The best part of the football season, back before we knew about the fun of alcohol, was always switching over to Celebrity Deathmatch where we got to see the most current celebrity squabbles come to life in clay-mation. The best was this episode of breast implants as weapons. Let's get it on!
Before Tinder, MTV actually had some entertaining live Tinder action going on. This was moderately successful because Jenny McCarthy was a bombshell, but Chad Hardwick was doing that whole 'standup comedians should avoid acting' thing we love so much.
Once MTV started relying on music videos to sustain their shows, they relied a little too much on Carson Daly to stay alive. TRL brought on the hippest, most current pop stars, but mostly it was a giant music videos jerk off countdown.
Camp Anawanna, we hold you in our hearts. Something, something, something, it makes you want to fart. Best camp experience we never had, camping vicariously through our TVs and overprotective parents.
This pre-Temple Run game show had us sucked in, where color-coded teams battled to the death (almost). The show was made into an hour-long movie in 2016. Bet you didn't know that!
Whoa! The original brotherly threesome (suck it, Hanson) was the Lawrence brothers. Now the only family shows in recent years that accurately depicts our lives are Breaking Bad and Dexter.

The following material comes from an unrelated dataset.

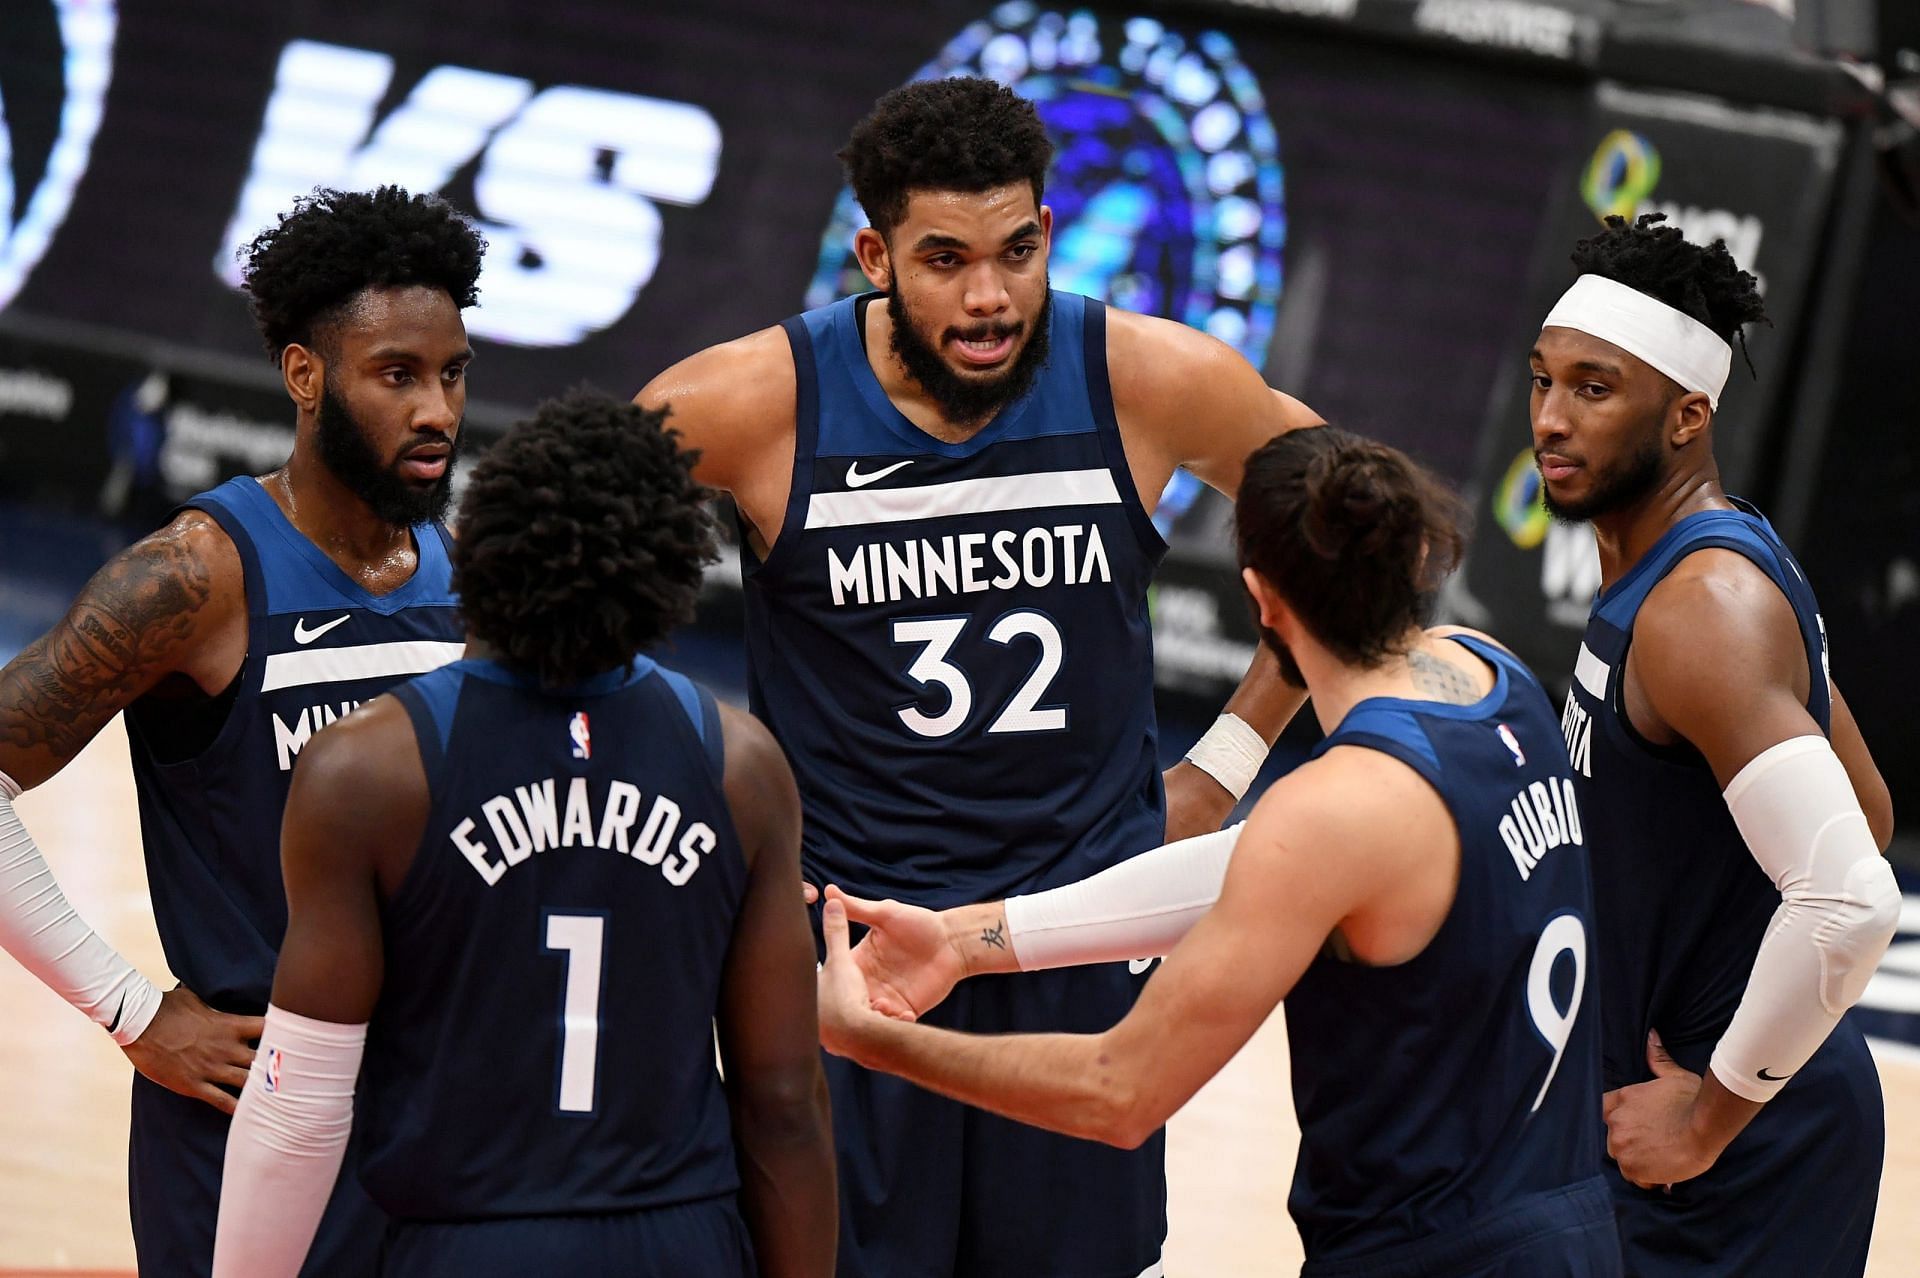 The Minnesota Timberwolves are hoping to show the same effort and focus in their game against the streaking Los Angeles Clippers. [Photo: Dunkingwiththewolves.com]

Mr. Cooper was a lady's man, a star athlete turned teacher and a wisecracker. He was like Steve Harvey had a baby with Michael Jordan. Goddamn, we miss that stuff!
It was the first time we saw a girl who was better at basketball than us, and it was terrifying. Can't believe those kids were in high school for six seasons.
Midnight Society brought campfire ghost stories to life, and they also made our fear of clowns deathly practical.
Not many people remember this show, the one where the dorky white kid hangs out in the dark neighborhood. It was like Dangerous Minds meets Hang Time.